As the traditional pike season draws to a close I thought I’d get another pike article in before we start to look at other species.
To be successful on big waters you have to do your homework. Spending time plotting the topography, figuring out where the prey fish are likely to be and understanding feeding patterns.
There is however, a short cut to success – pre-baiting. By pre-baiting you are basically putting regular free offerings into the swim leading up to you fishing it. Done correctly and this will pay off.
A few simple rules you need to follow…
Identify a suitable swim or area
Plan your pre-baiting in advance of your intended fishing date.
Pre-bait with the same bait you intend to fish with
Start pre-baiting a few weeks before with say a dozen or so baits and repeat this each week.
After each fishing session add more pre-bait
Accurate bite indication and hitting runs immediately is essential. Pike will get used to picking up the free offerings and will often gulp your hook bait down just as confidently.
Like most pikers this season, our chocolate-coloured rivers have been rendered un-fishable most of the time so I’ve had to resort to plan ‘B’, large stillwaters and gravel pits.
I’ve had my eye on one for a while that ticks all the boxes but at over 100 acres, it’s a daunting proposition when you don’t know the water.
I opted for a short cut and started to pre-bait a single swim for three weeks prior to casting a line.
I didn’t actually put that much thought into swim selection, just plumbed a few areas and went for a deep channel, which I managed to find more by chance than anything.
Feeding grebes did however give me some idea that there were prey fish in the area.
Deeper areas are usually a safe bet during the depths of winter but this year has been fairly mild so the prey (and pike) have stayed pretty well spread out.

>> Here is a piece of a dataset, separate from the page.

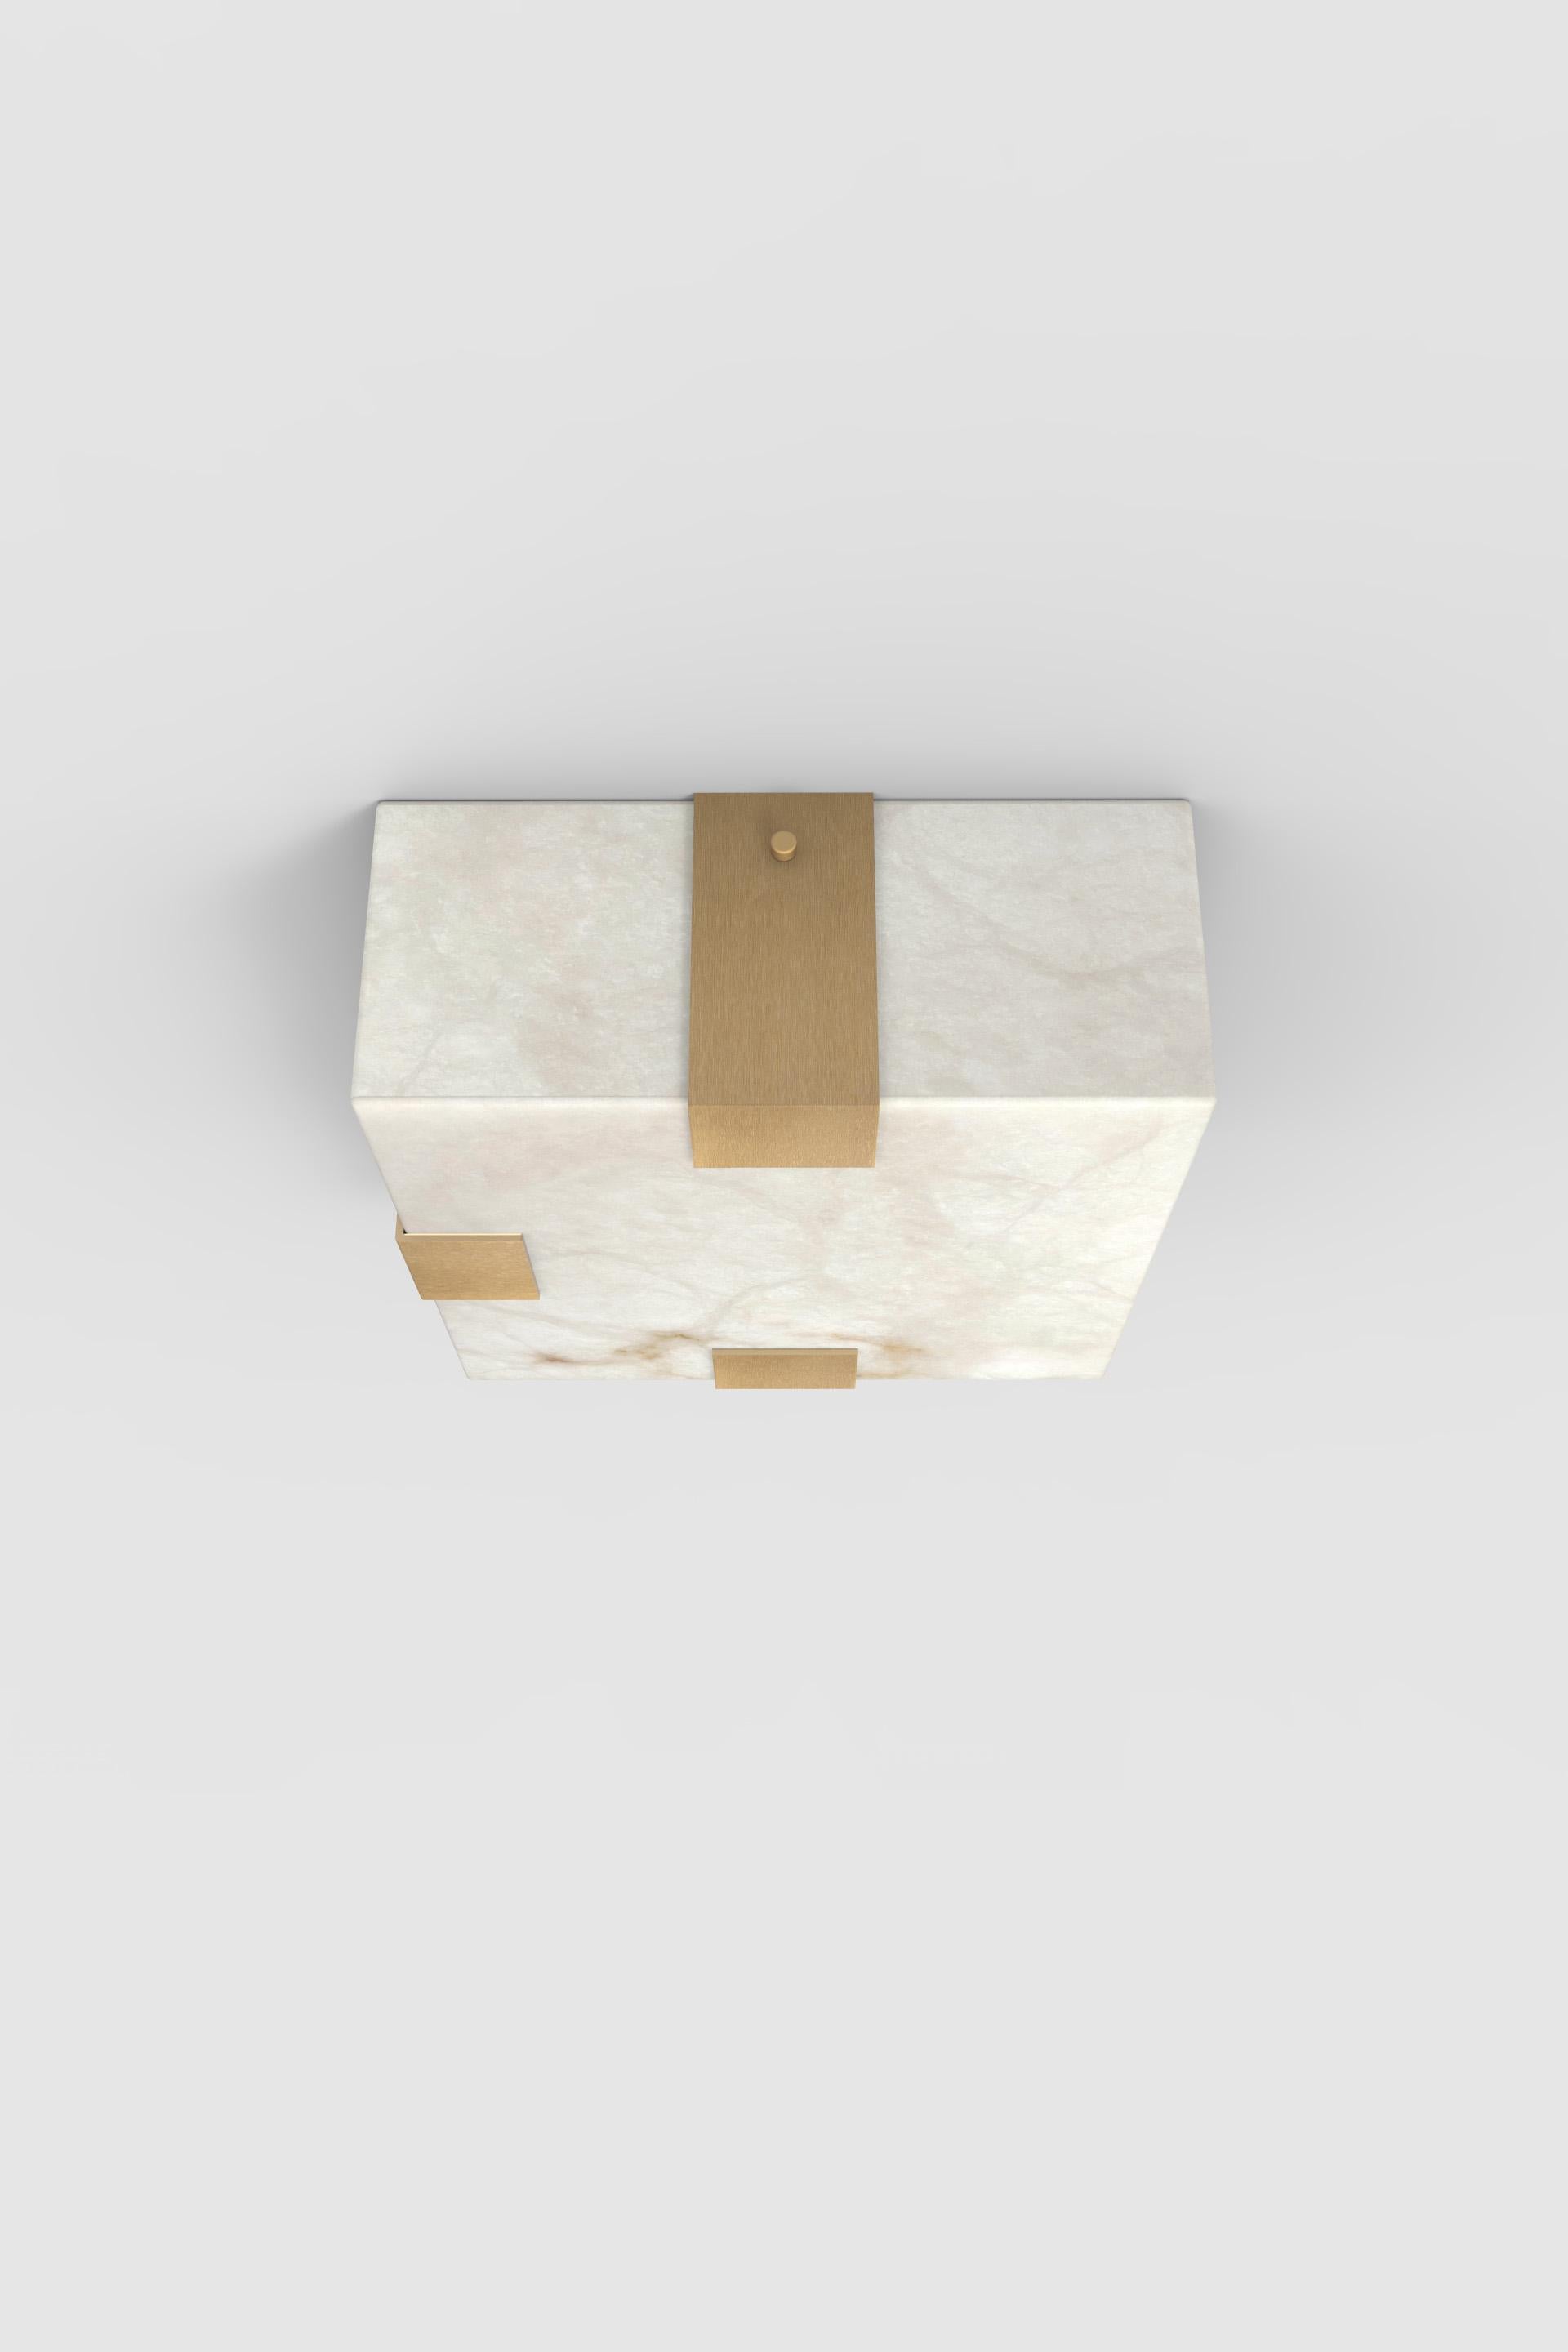 Post-Modern Contemporary Ponti Flush Mount 002A-3C in Alabaster by Orphan Work For Sale

Finding the fish with a mobile approach on such a big water wasn’t really an option. Unfortunately work gets in the way of fishing for most of us.
By pre-baiting a likely swim you’re hoping that the pike will eventually home in on the easy meals and they will either feed till stuffed and sit in the swim or add the swim to their regular patrol route.
This method is unlikely to give instant results but with a bit of thought, effort and plenty of patience, you’re chances of success are greatly improved.
If the water contains a good head of pike, sooner or later, it is inevitable that they will feed in the swim at the same time that you’re fishing it. Offer them the same easy meal and they’ll take it with confidence.
Fortunately my recent efforts were rewarded with a few nice pike during my first visit. I was also lucky enough to land the biggest fish of the season so far, at 26lb.
I’m pretty sure that pre-baiting gave me the edge but if nothing else, it will give you the confidence you need to sit through cold winter sessions.
Tip of the day – Big pike lie up for long periods to digest their meals. This explains why they are often covered in leeches. Hence why dedicated pike anglers often say they are fishing for a non-feeding fish, that’s secret code for ‘a big fish’. If a big pike moves onto your pre-bait it won’t share it with anything smaller so this method is certainly a route to catching big pike.